Strange addiction is a disease of modern people. "Flow", a concept often used to describe "positive energy", is also used by the gambling industry to describe the immersion that machine gambling can bring. Mikhari Zixon Mihay, the psychologist who invented flow, acknowledges that any kind of flow activity is potentially addictive, and that in an "immersive" experience where attention is highly focused on an activity, one can step into hovering time and space and temporarily forget the chaotic reality. Flow is widely used to describe the principles of positive activities such as meditation, yoga, reading, and playing musical instruments. It's just that people who "run forward" can engage in creative activities or regain self-balance with full concentration in flow, while "backward escape" simply means losing oneself with repetitive actions without reaping any self-actualization. Machine gambling is a typical form of "backwards escape."

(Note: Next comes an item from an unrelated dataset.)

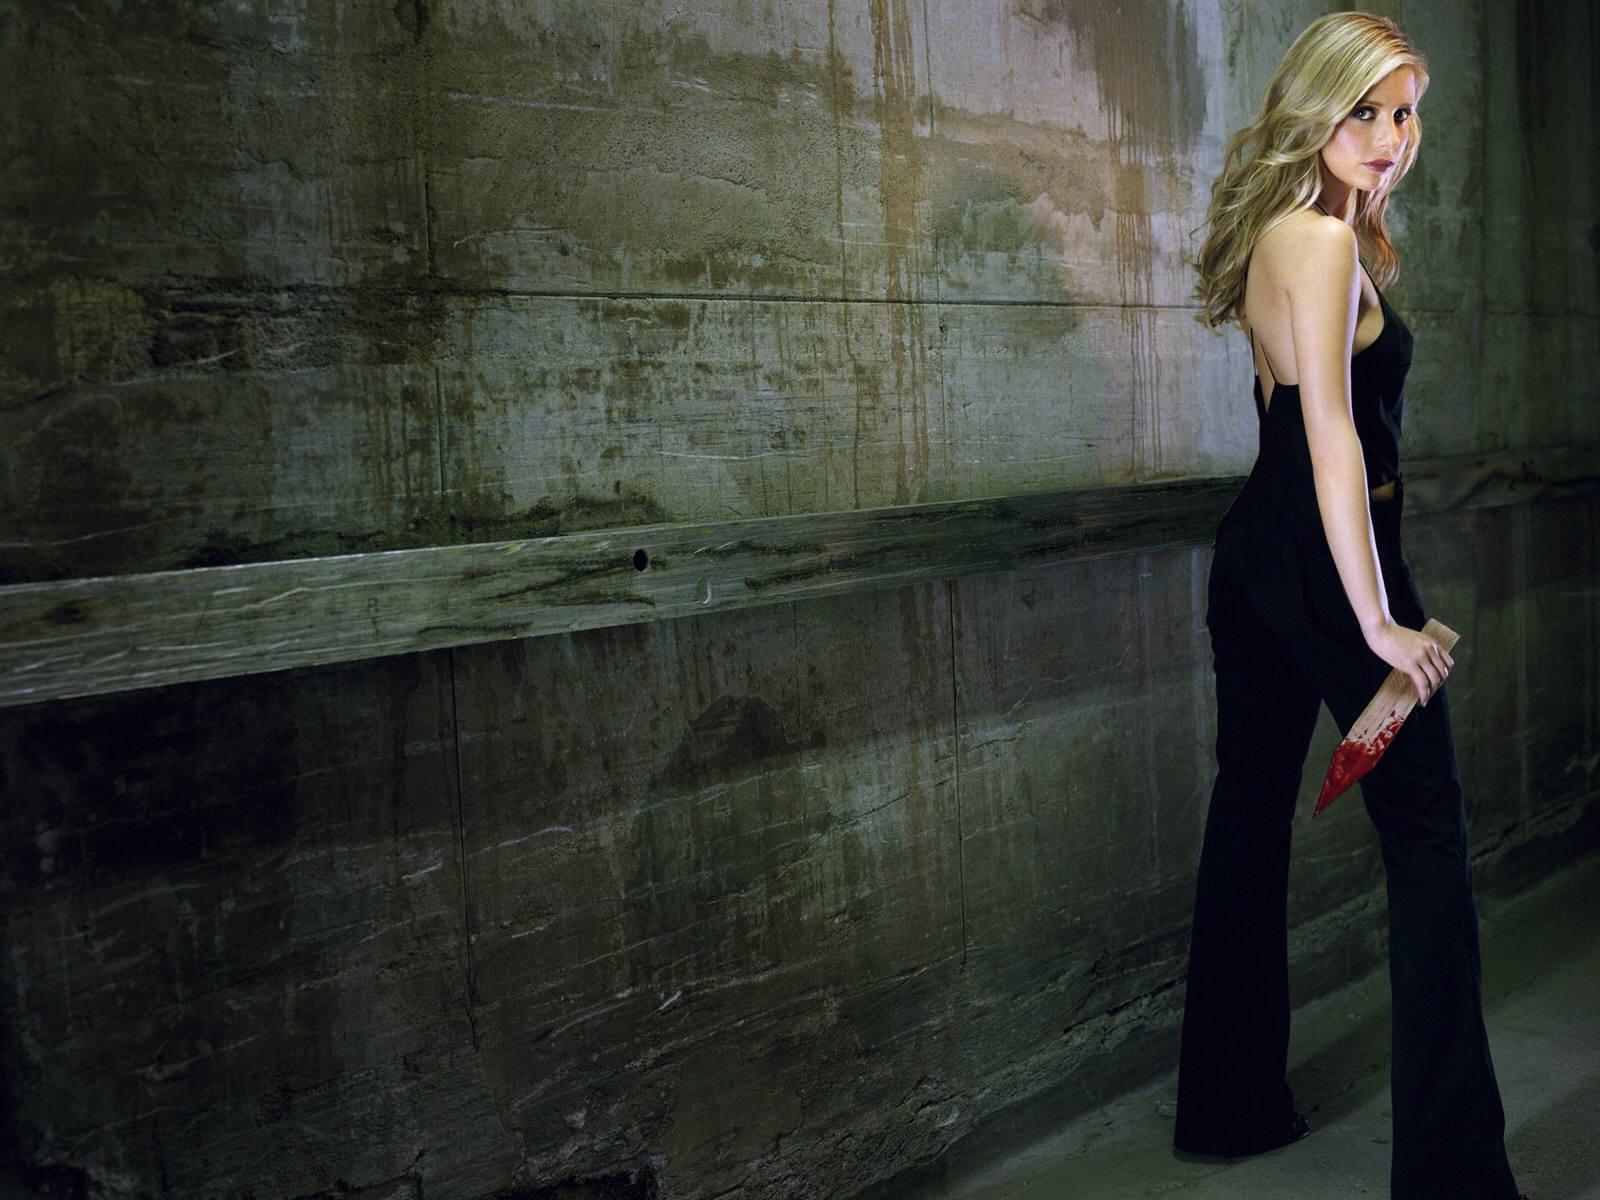 Wallpaper di Sarah Michelle Gellar nei panni di Buffy Summers

The general ethical proposition of neoliberalism is that individuals should be solely responsible for actions of their own choosing, and that addicts, having chosen to gamble, should take full responsibility for their robot students. Shure disagreed, arguing pointedly that the gambling industry and regulators needed to modify or order the machines to be retrofitted. Her findings show that a series of abstinence treatments that require gamblers to escape their predicament are either ineffective or repeated. This cannot be entirely attributed to the addict's weak willpower, but the design of the machine should not have been so framing human beings suffering from the disease of modernity.